* Source data
^^^^

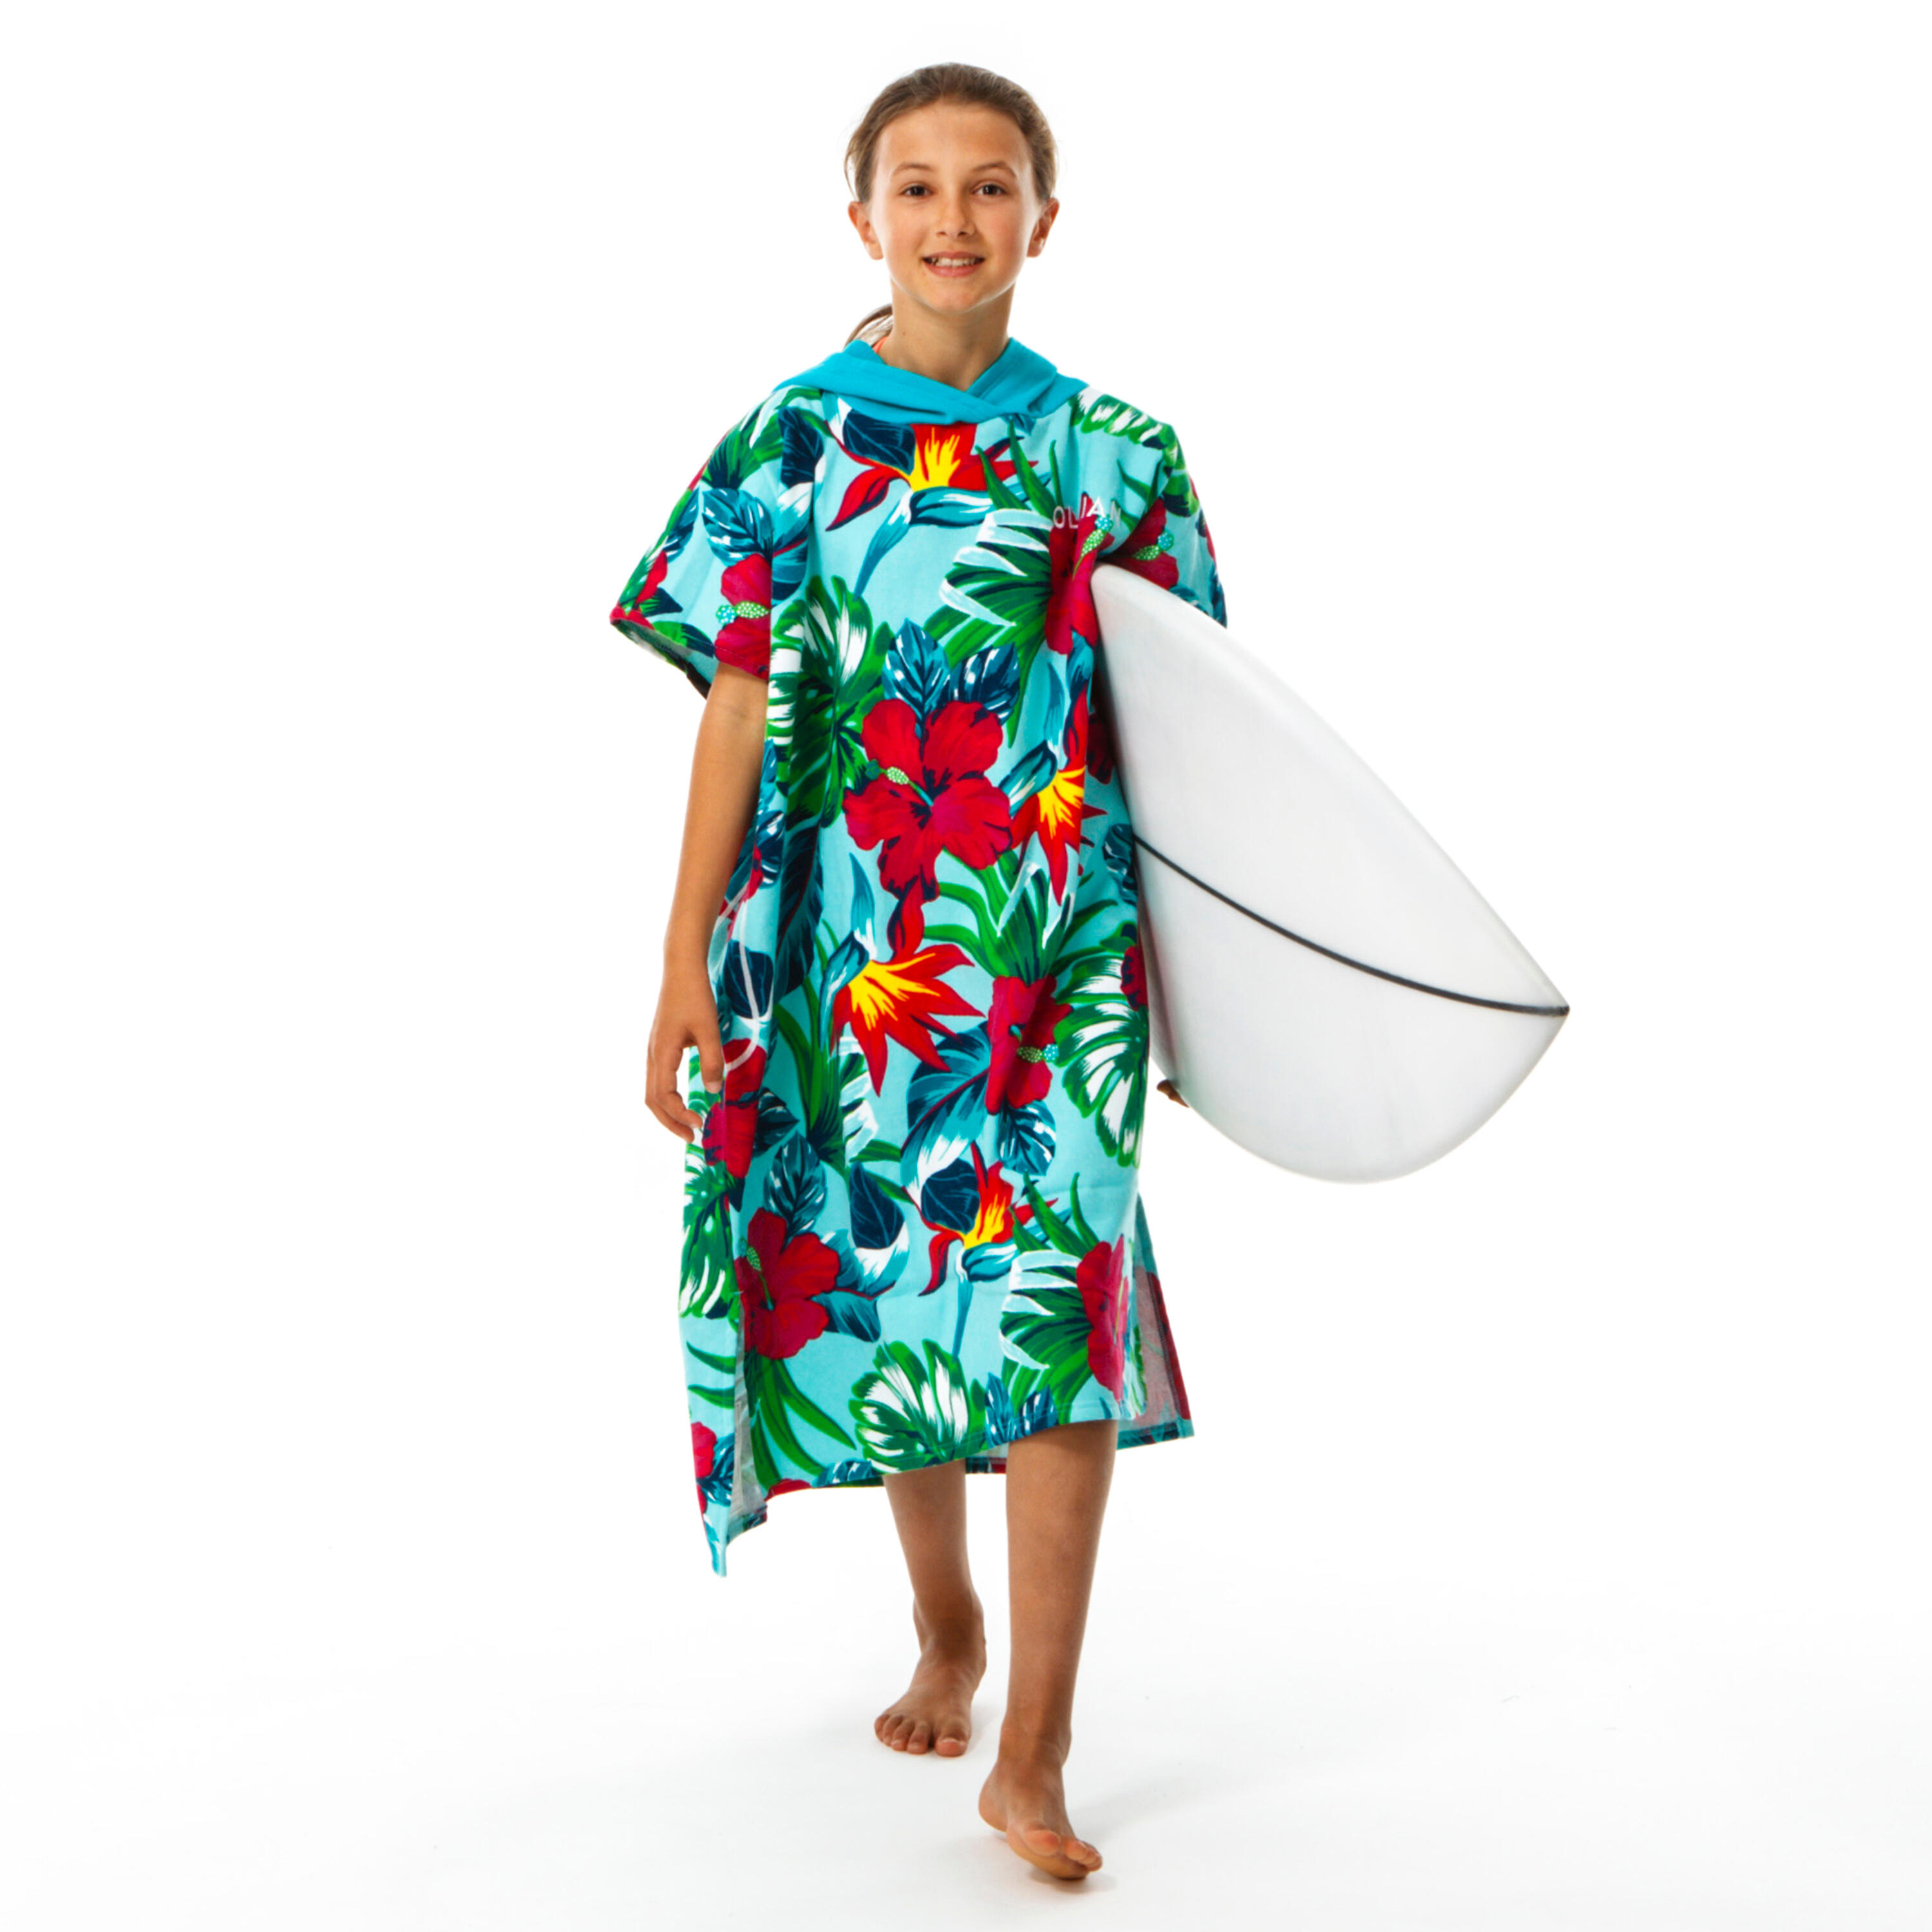 OLAIAN Kids' Surf Poncho 550 (135 to 160 cm) - Bora
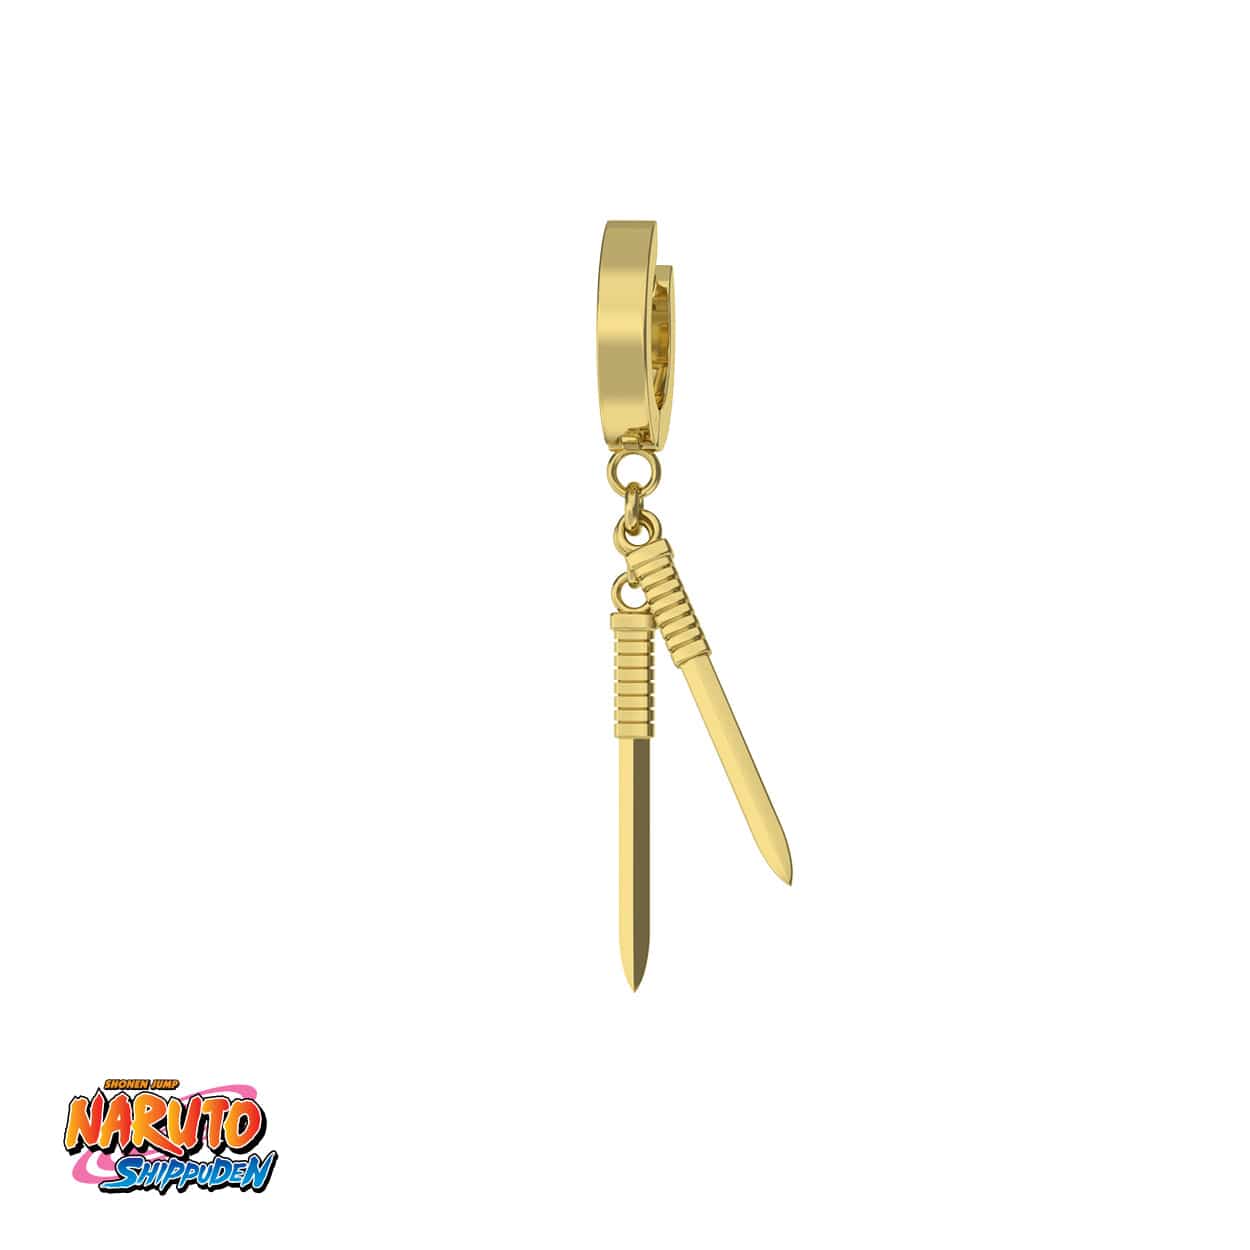 Naruto™ Killer Bee Sword Earring
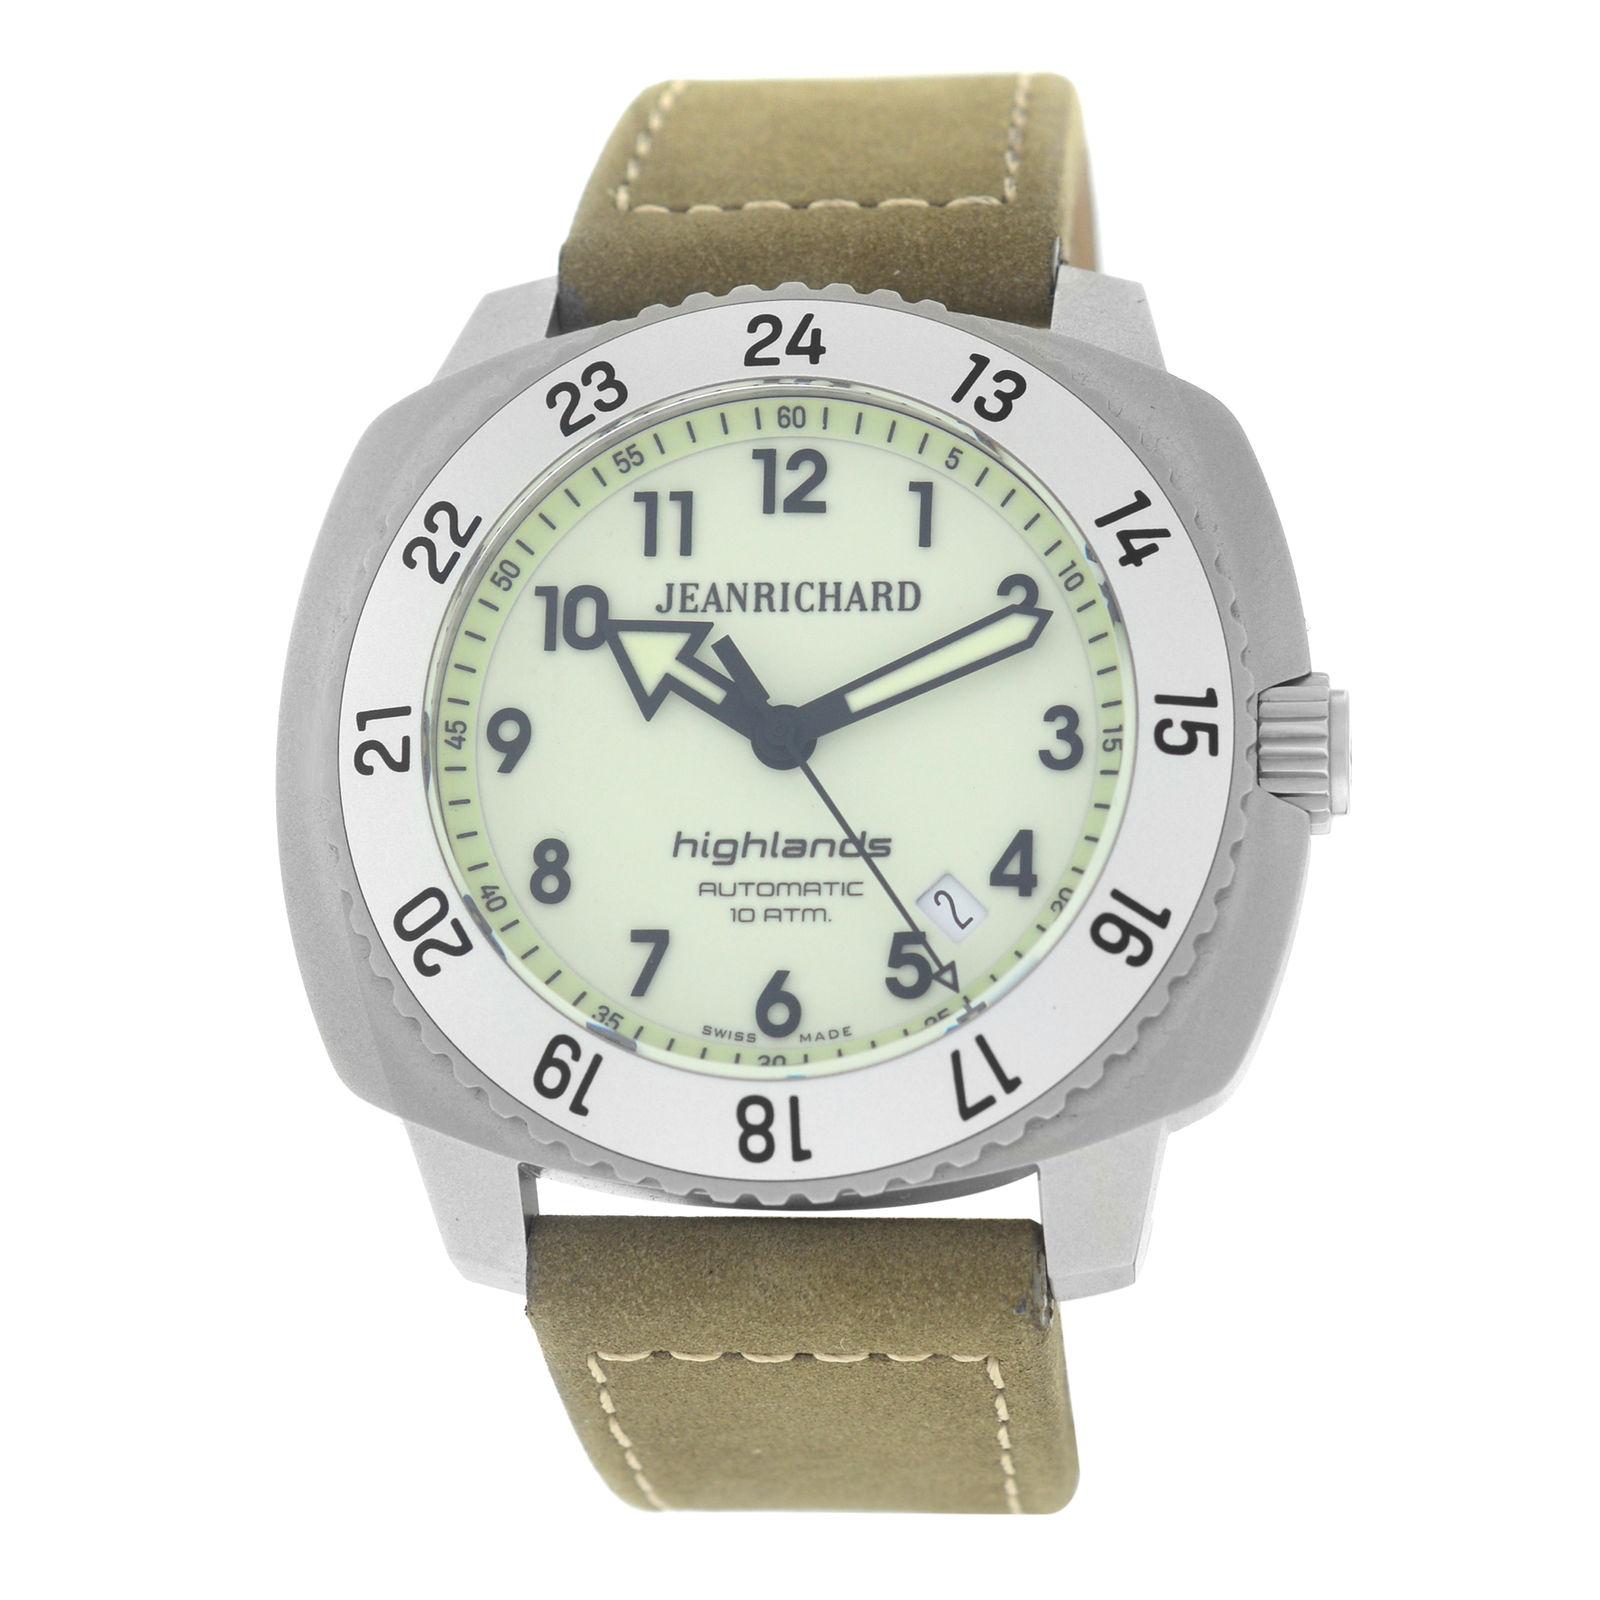 New Men's Daniel Jean Richard Highlands Steel Automatic Watch For Sale
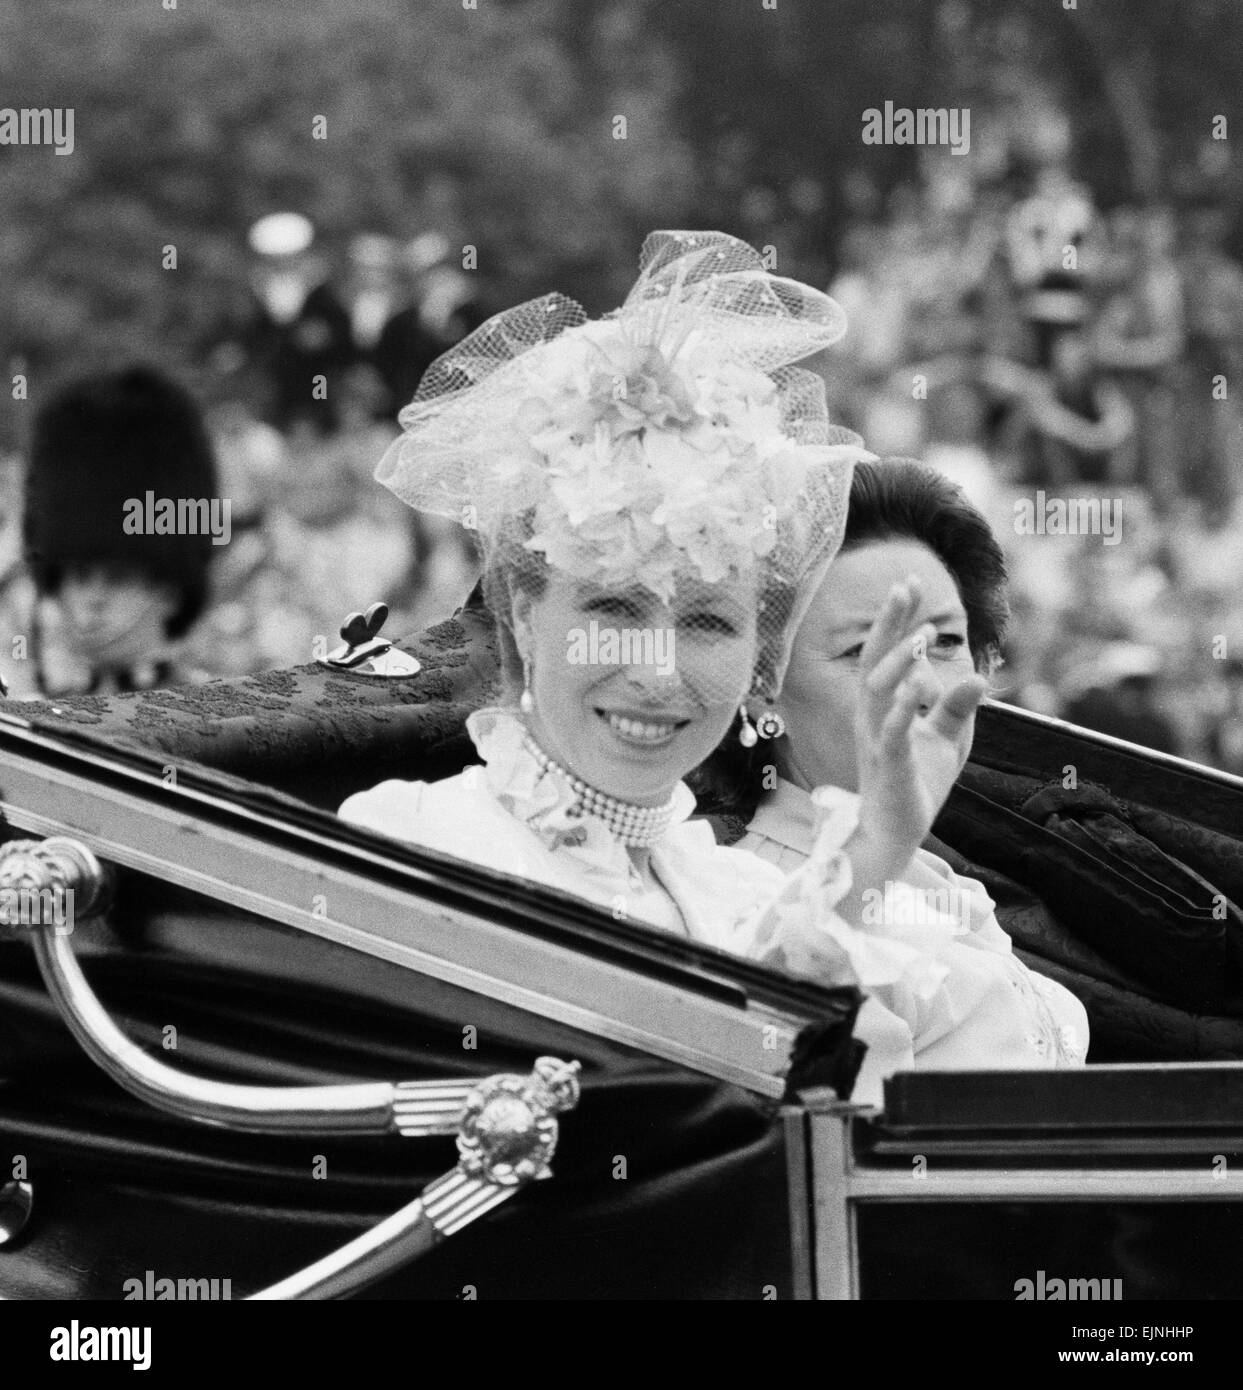 prince-charles-and-diana-spencer-wedding-29th-july-1981-princess-anne-EJNHHP.jpg

^^^^

* Description of the task
Every line above must be printed again exactly, pictures excluded.

* Response to the exercise
 OLAIAN Kids' Surf Poncho 550 (135 to 160 cm) - Bora
 Naruto™ Killer Bee Sword Earring
 New Men's Daniel Jean Richard Highlands Steel Automatic Watch For Sale
 prince-charles-and-diana-spencer-wedding-29th-july-1981-princess-anne-EJNHHP.jpg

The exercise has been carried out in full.